A total solar eclipse blackened skies above Antarctica and the Southern Ocean on Saturday.
Photographers traveled to Antarctica to watch the moon block the sun and cast its shadow on Earth.
Their photos show a crescent sun rising above the sea, then becoming a dark sphere ringed in light.
A black sun reigned over Antarctica briefly on Saturday, as a total solar eclipse plunged parts of the ice continent into darkness.
The moon moved between Earth and the sun, casting its shadow over the Southern Ocean and Antarctica.
“The moon is always casting a shadow in the solar system, but periodically that shadow passes over the Earth,” meteorologist Jay Anderson said in a video produced by adventure-cruise company Lindblad Expeditions. “When that happens, we want to be underneath that shadow.”
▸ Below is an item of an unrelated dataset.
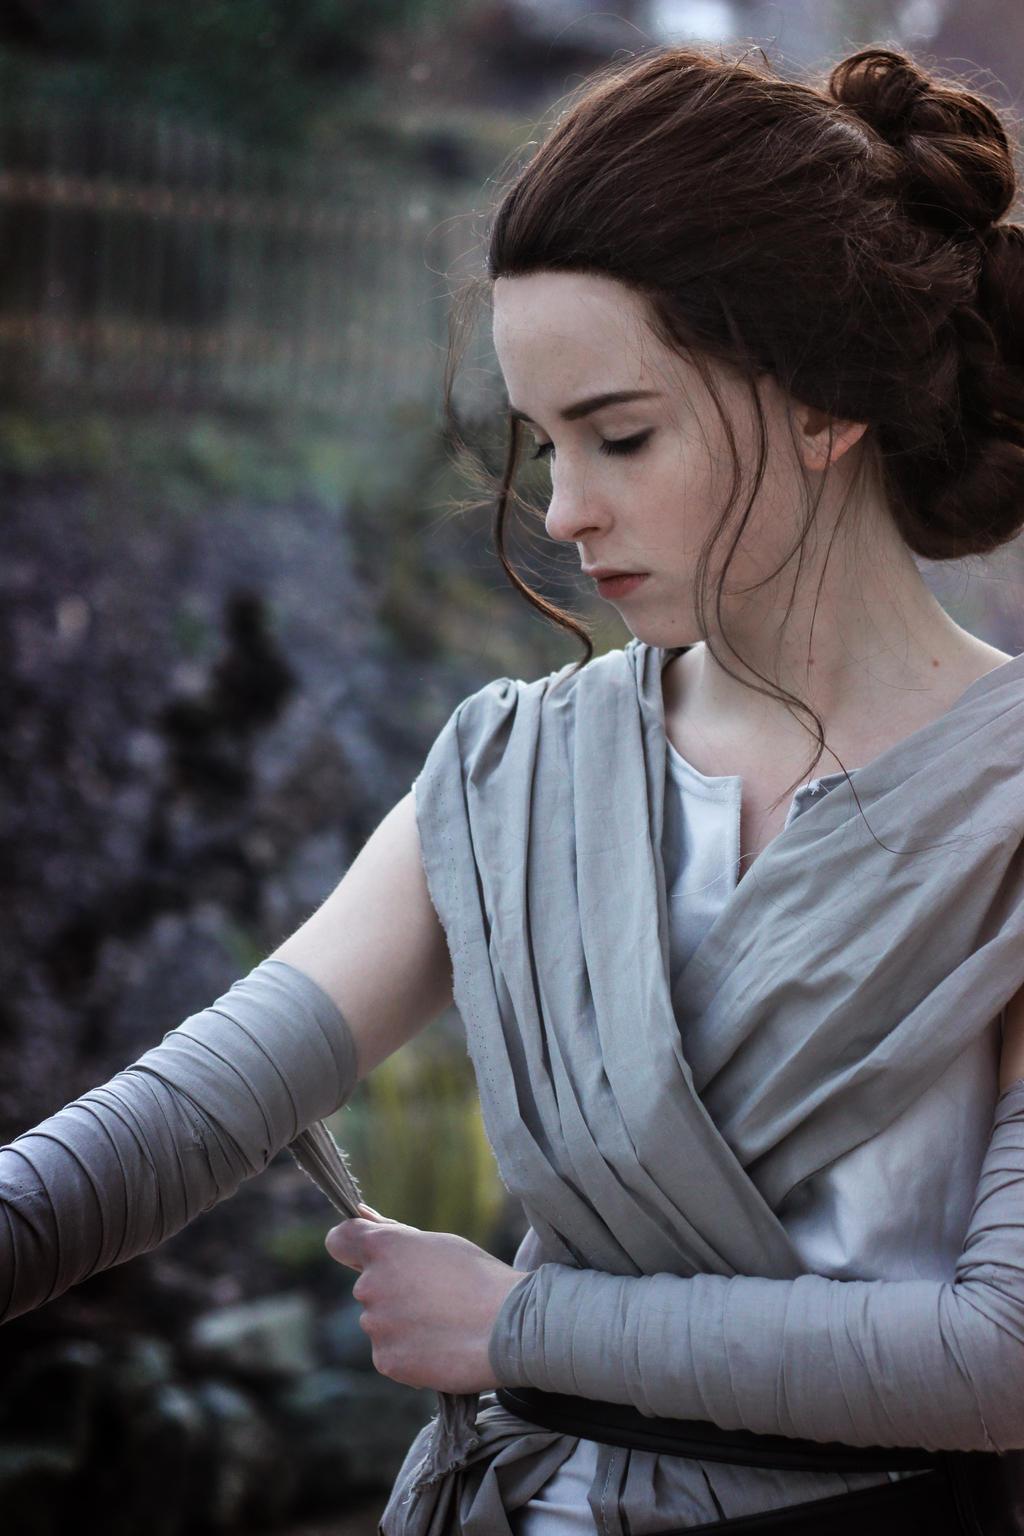 Rey - Star Wars #2 by GuppatheHutt

That's why Anderson joined tourists and professional photographers aboard a Lindblad Expeditions ship, the “National Geographic Endurance,” which sailed into the Southwest Atlantic Ocean, then dropped anchor in the eclipse's path off the shores of Antarctica.
On average, there are two to four solar eclipses each year, according to NASA, but not all are visible from land or populated areas. Many of those eclipses are partial ones — the moon doesn't cover the entire sun. Saturday's event was the only total solar eclipse of 2021.
“It's such an exotic location,” Anderson said of Antarctica, adding that witnessing the eclipse there was “cream on top of the milk.”
The spectacle began with a rare crescent sunrise, as the sun, partially obscured by the moon, peeked above the sea.
The crescent sun making its way through the sky was “like a big smile looking at you,” Anderson said. The smile grew thinner as the moon moved between Earth and the sun.
Soon the moon totally eclipsed our star. Onlookers could only see the sun's corona — its outermost atmosphere — peeking around the edges of the moon. The corona is only visible to the naked eye during a total eclipse.
“A total solar eclipse is such a beautiful thing, because it brings everybody together, and for one minute everybody's going to be looking up and enjoying just the same moments,” photographer Andrew Studer said in the video.
Moments of totality — when the moon completely blocks the sun — are brief, lasting just a minute or two, depending on where you are on Earth.
Then the sun began to peek around the other side of the moon.
Total solar eclipses don't happen every year. The next one will occur on April 20, 2023, over parts of Southeast Asia and Australia, according to TimeandDate.com.
Antarctica won't see another total solar eclipse until 2039.